* [RECORDS TO PROCESS]:

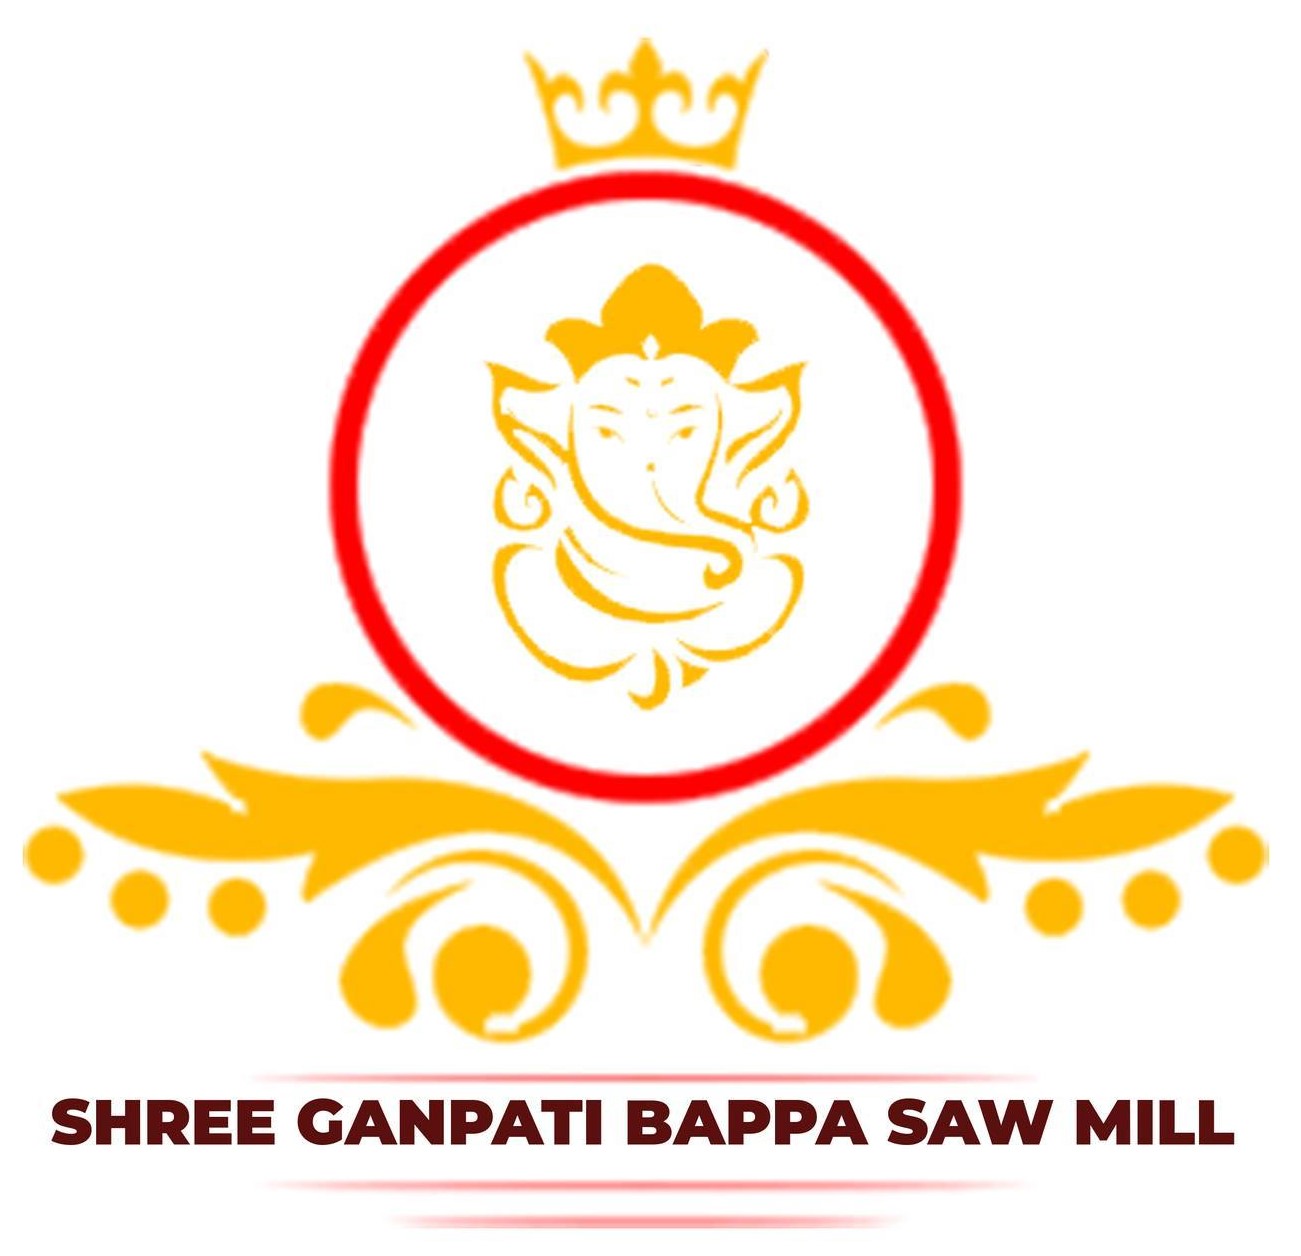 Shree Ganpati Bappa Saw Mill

---

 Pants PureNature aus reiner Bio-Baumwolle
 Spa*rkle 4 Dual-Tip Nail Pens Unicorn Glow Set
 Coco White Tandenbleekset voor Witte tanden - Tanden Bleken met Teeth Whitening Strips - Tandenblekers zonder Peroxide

* * *

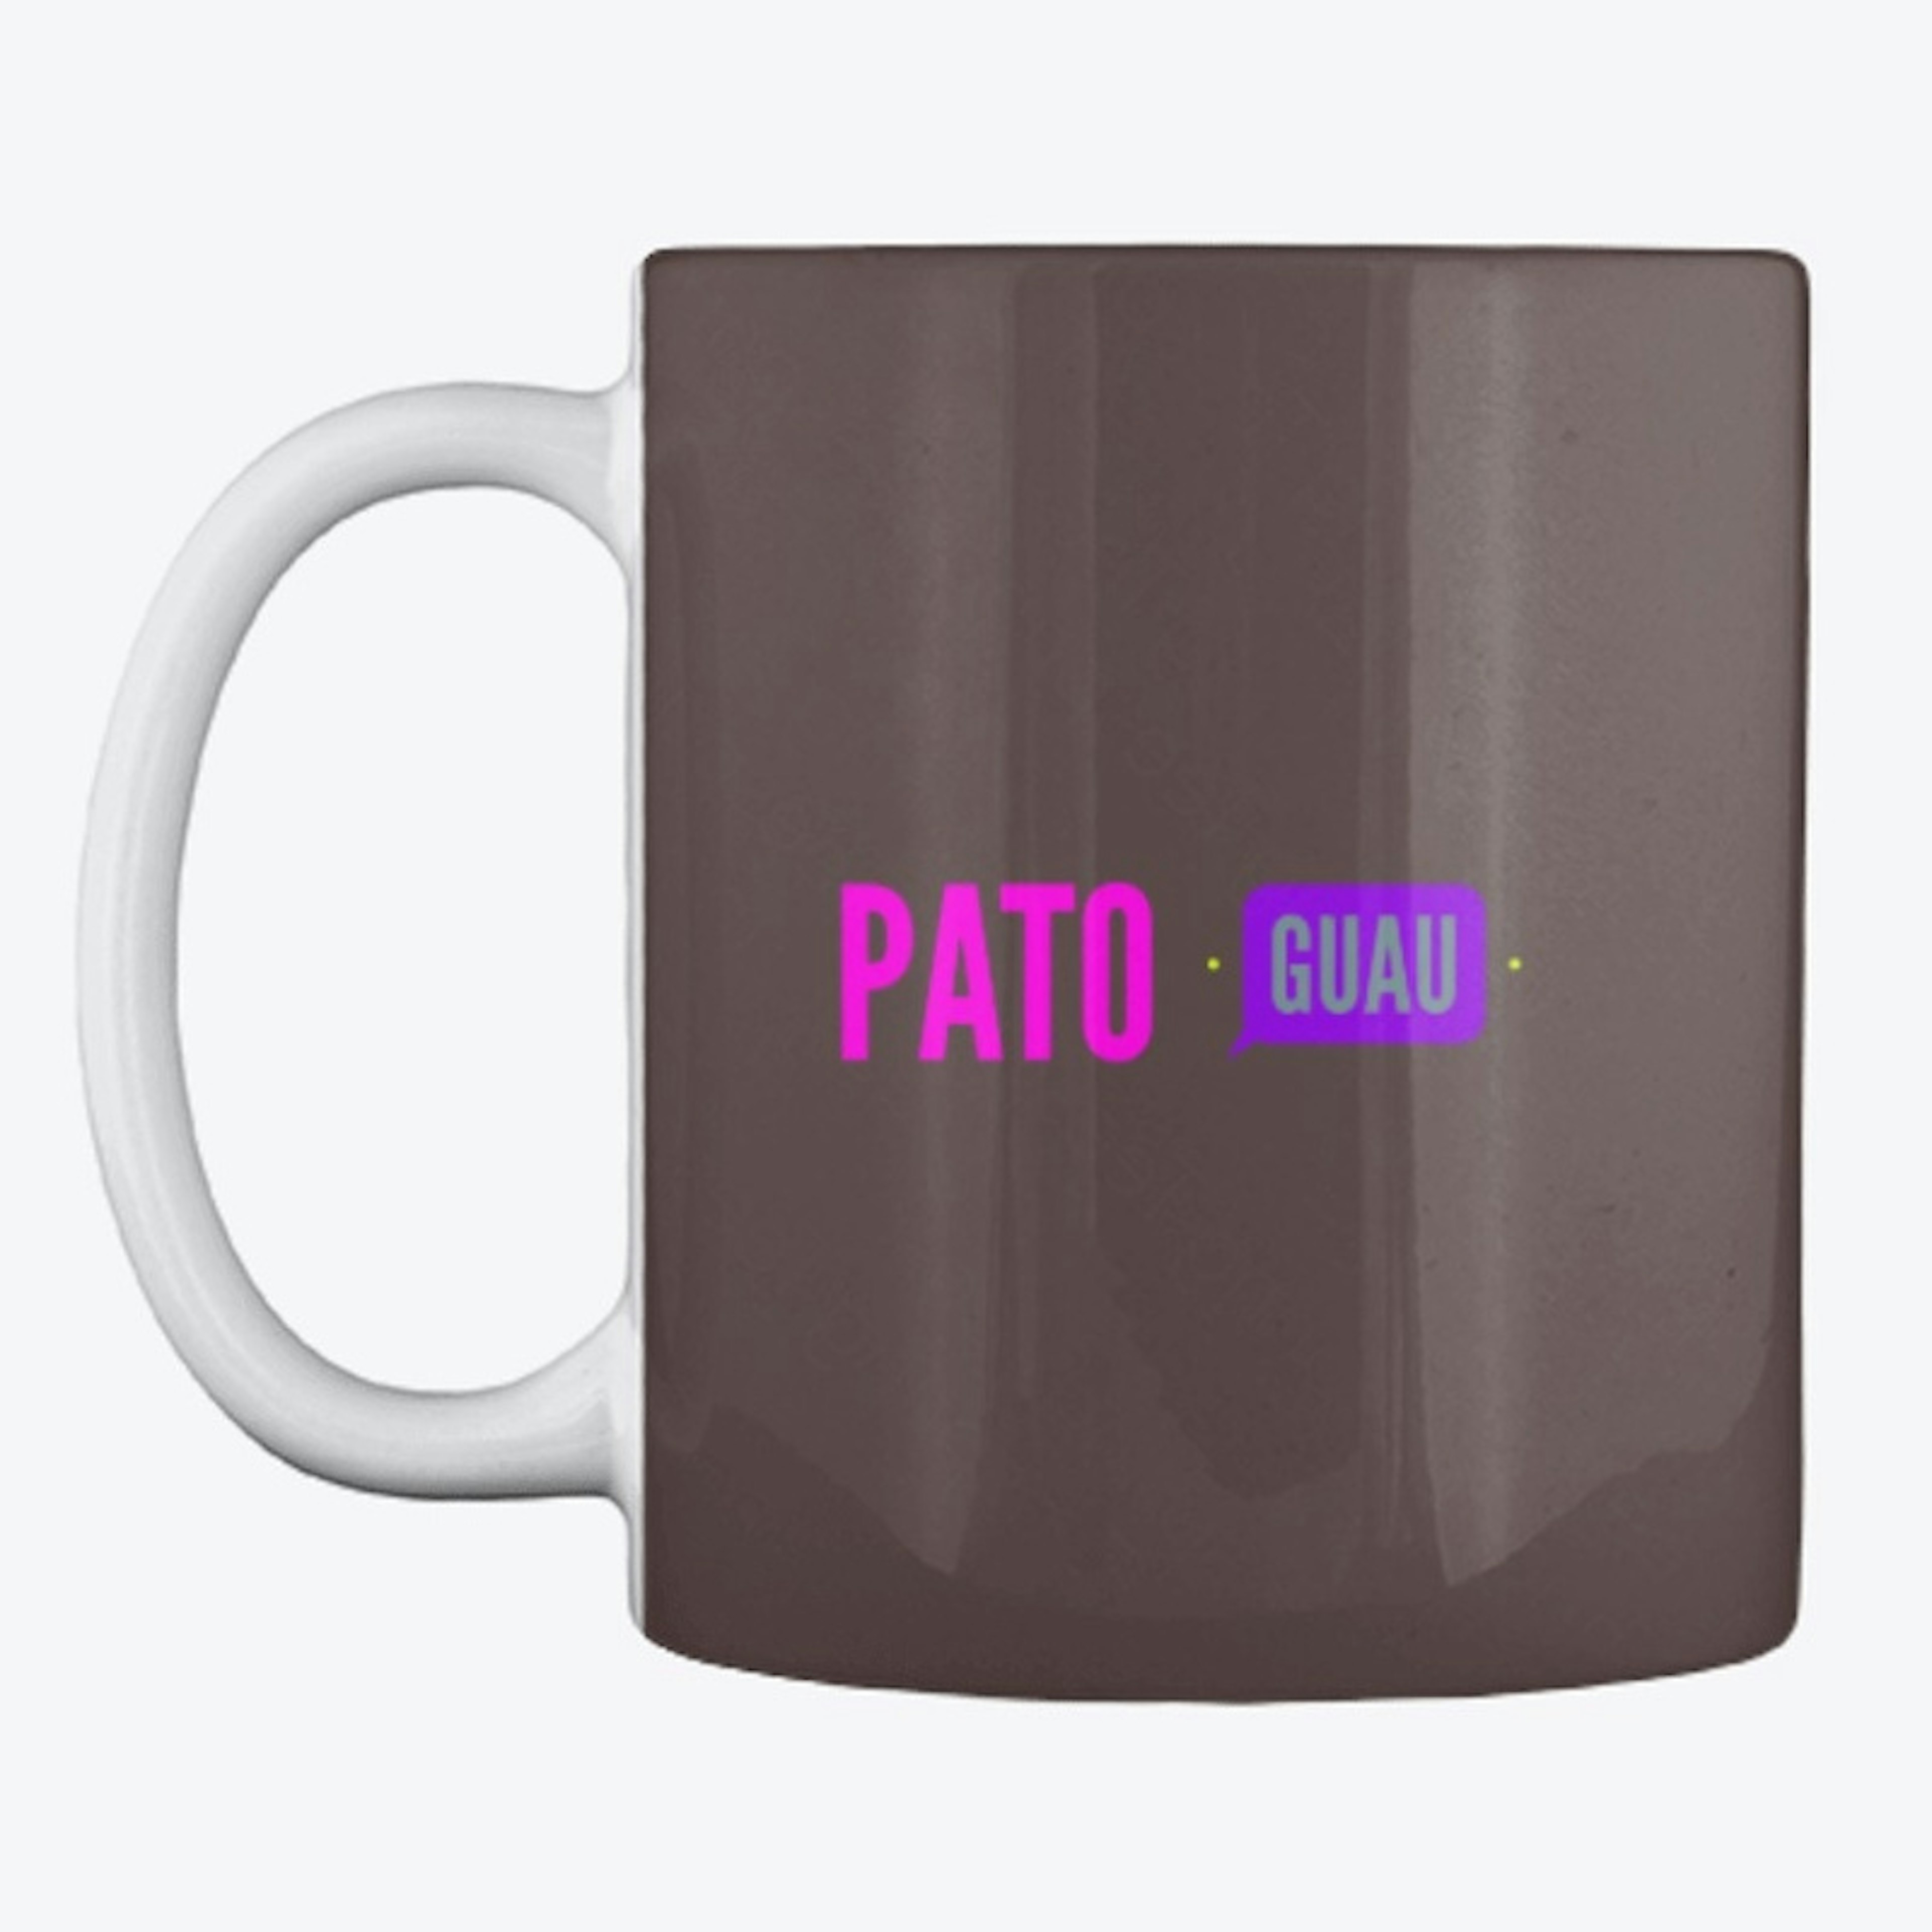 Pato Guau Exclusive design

* [THE PROBLEM]: Take the entries above and return only the lines from the one with "Pants PureNature aus reiner Bio-Baumwolle" to the one with "Coco White Tandenbleekset", both included, unchanged.

* [ANSWER TO THIS TASK]:
 Pants PureNature aus reiner Bio-Baumwolle
 Spa*rkle 4 Dual-Tip Nail Pens Unicorn Glow Set
 Coco White Tandenbleekset voor Witte tanden - Tanden Bleken met Teeth Whitening Strips - Tandenblekers zonder Peroxide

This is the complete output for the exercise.